According to recent reports, El Salvador’s Court of Accounts is bucking up for an investigation into the government’s Bitcoin purchases following a complaint. The probe will reportedly also look into the purchases of automated teller machines (ATM) and construction of Chivo kiosks by President Bukele’s Regime.
El Salvador recently became the first country in the world to adopt Bitcoin as a legal tender. However, the country saw ‘teething problems’ in its first week of implementation. Subsequently, the country-wide rollout was supported by a digital wallet called Chivo. These wallets are linked to physical ATMs to allow users to withdraw hard cash. However, now a likely audit is on the way.
The development comes on the back of protests that broke out across the country over the past few weeks. Many protesters took the streets against the Salvadorean regime and its abrupt decision to make Bitcoin legal tender. However, the display quickly turned violent after reports of ATM torching in many areas.

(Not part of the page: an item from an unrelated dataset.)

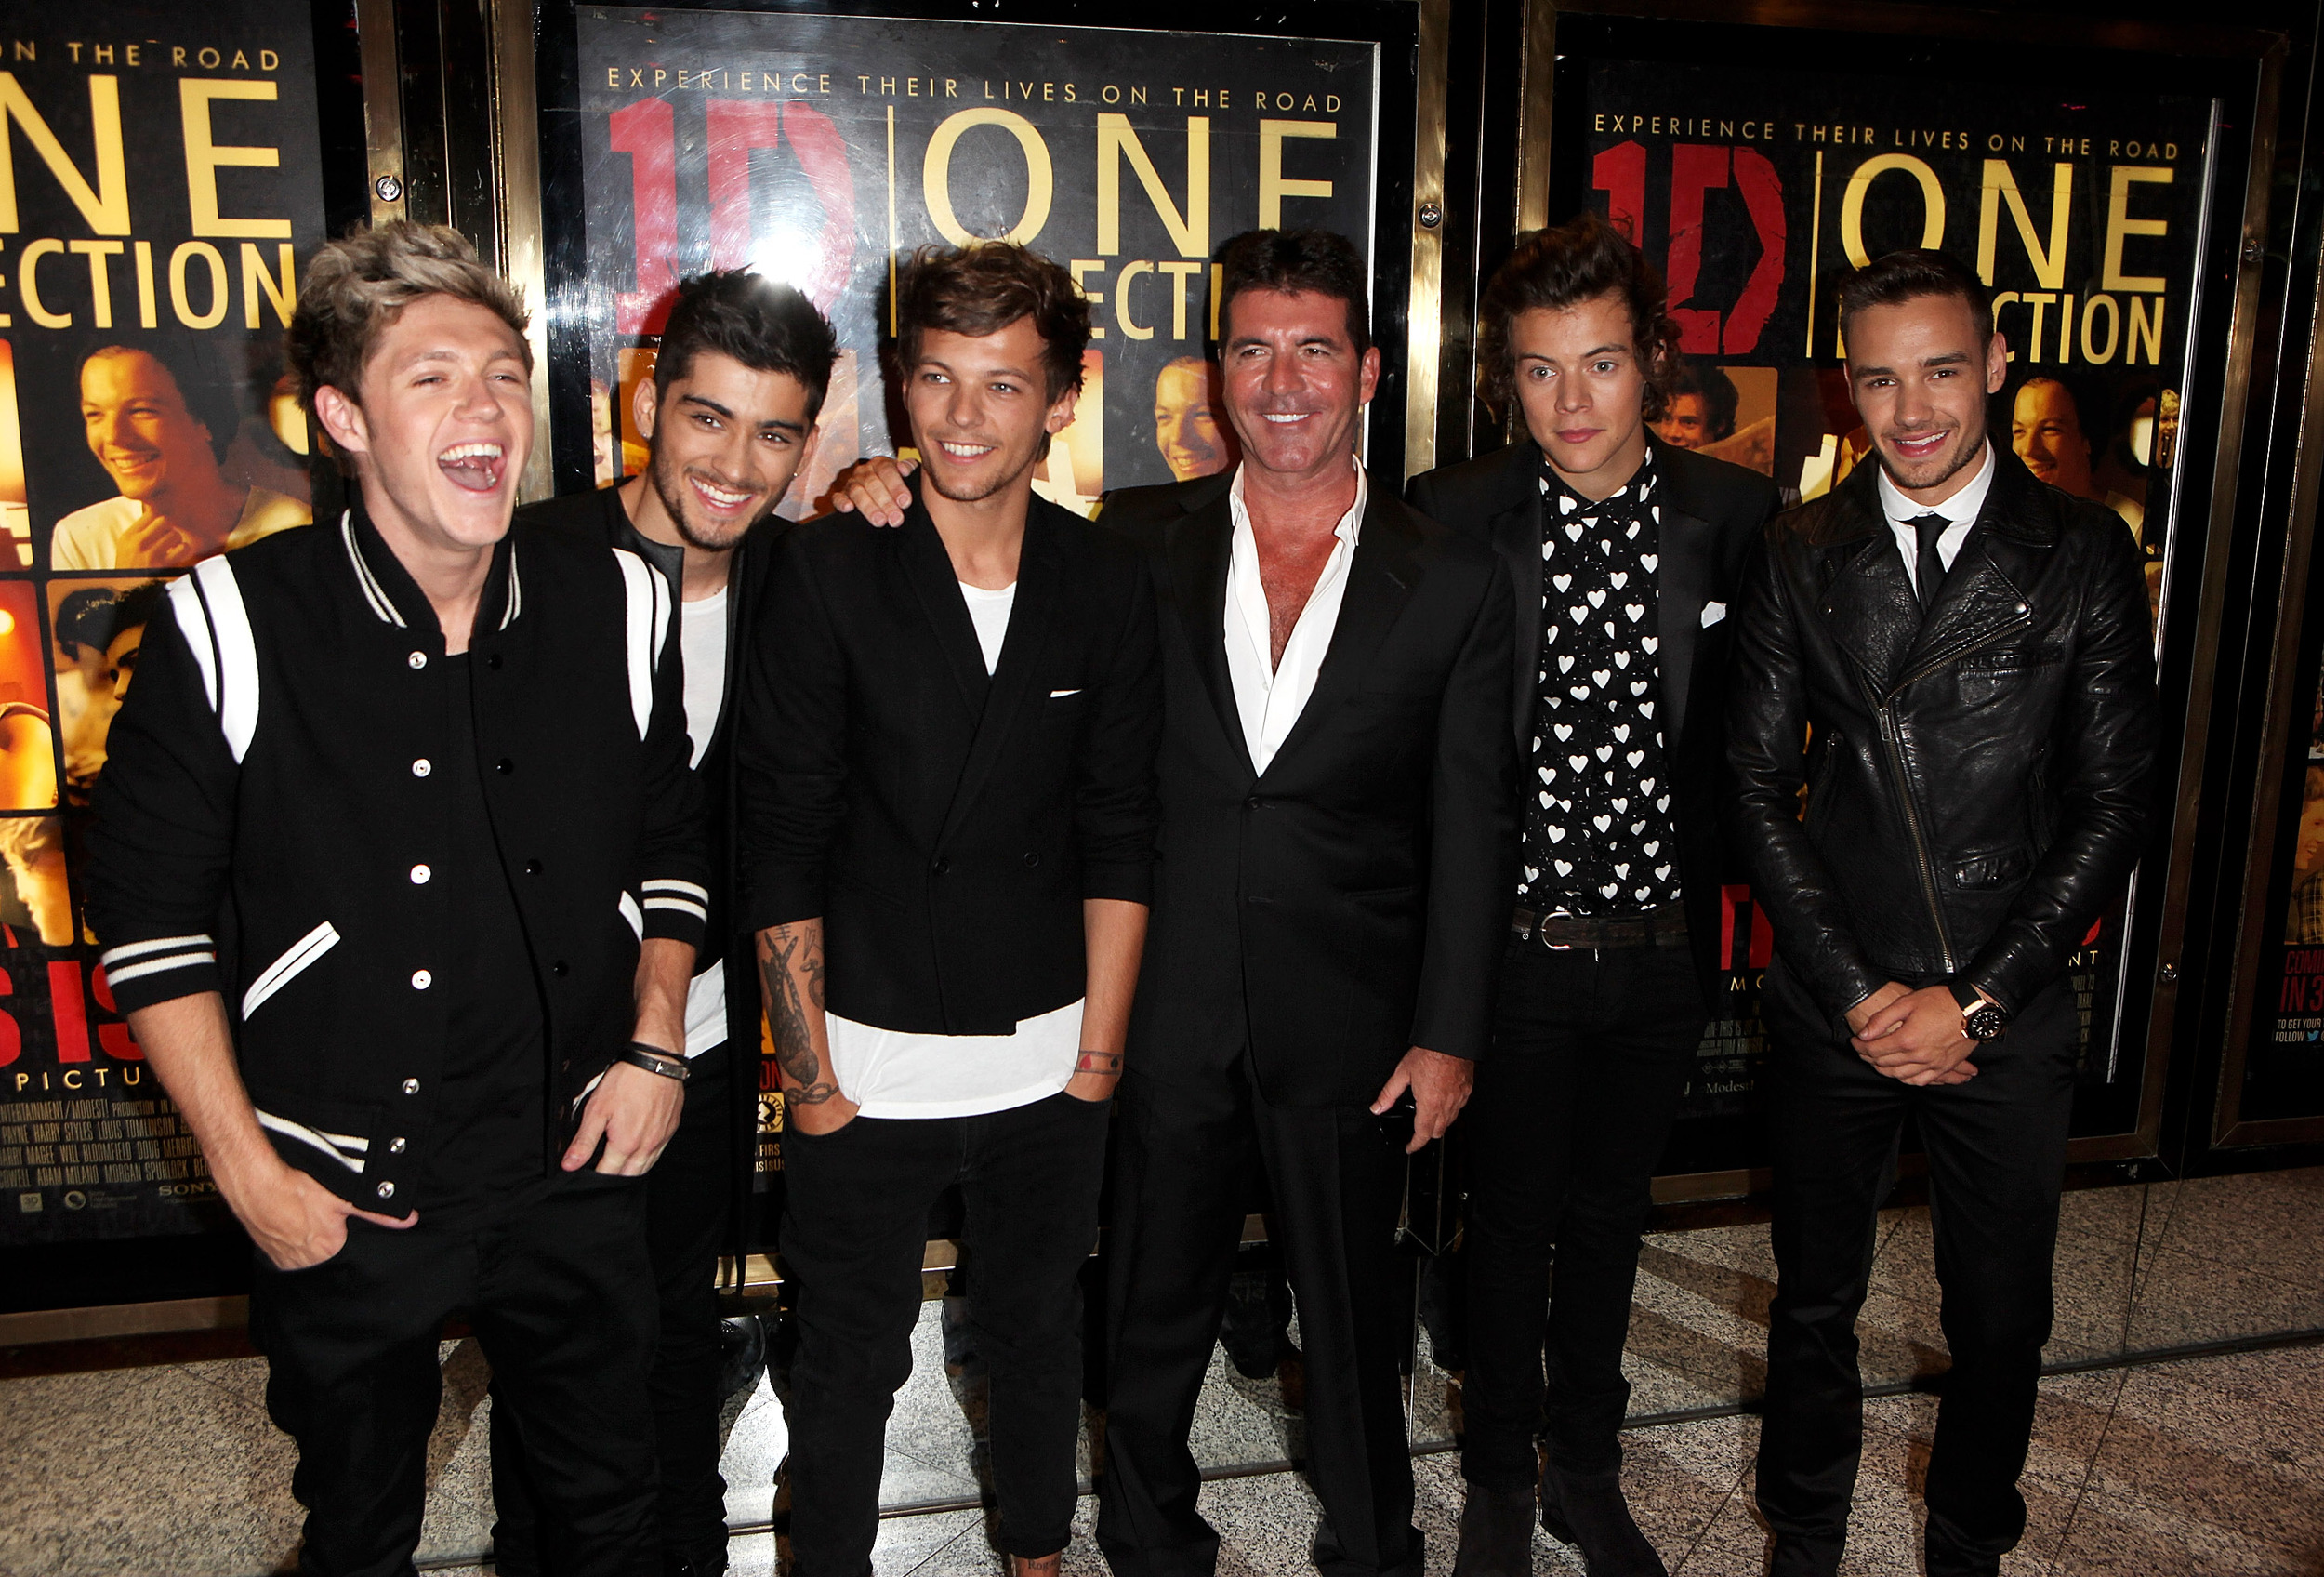 One Direction: This Is Us #1

On 10 September, a complaint was filed by Cristosal, a regional human rights organization, prompting the aforementioned investigation.
The Court of Accounts is expected to impose administrative and asset sanctions against guilty government officials. In case of irregularities, the court can present notices and could also initiate criminal proceedings. Curiously, government administrators, specifically members of the finance and economy ministries, along with commerce and investments, will be under the radar.
However, the question remains if these criminal proceedings will hold water in the Court of Accounts. According to international observers, El Salvador is losing its democratic status under its increasingly authoritative regime. The Bukele-led government passing the Bitcoin law with little discussion via a video conference in Miami is a case in point.
Additionally, the country’s economic situation is also a cause for concern. Global rating agencies have also been concerned about the country’s credit profile. Owing to many regulatory and operating risks, three credit agencies – S&P Global, Fitch Ratings, and Moody’s – have downgraded the country’s risk status.
Further, the Central American nation’s bonds also seem to be tumbling with a record-high yield spread. El Salvador’s international loan agreements with the IMF are looking uncertain too.
The development can also impact the country’s commission-free international remittances as the probe proceeds.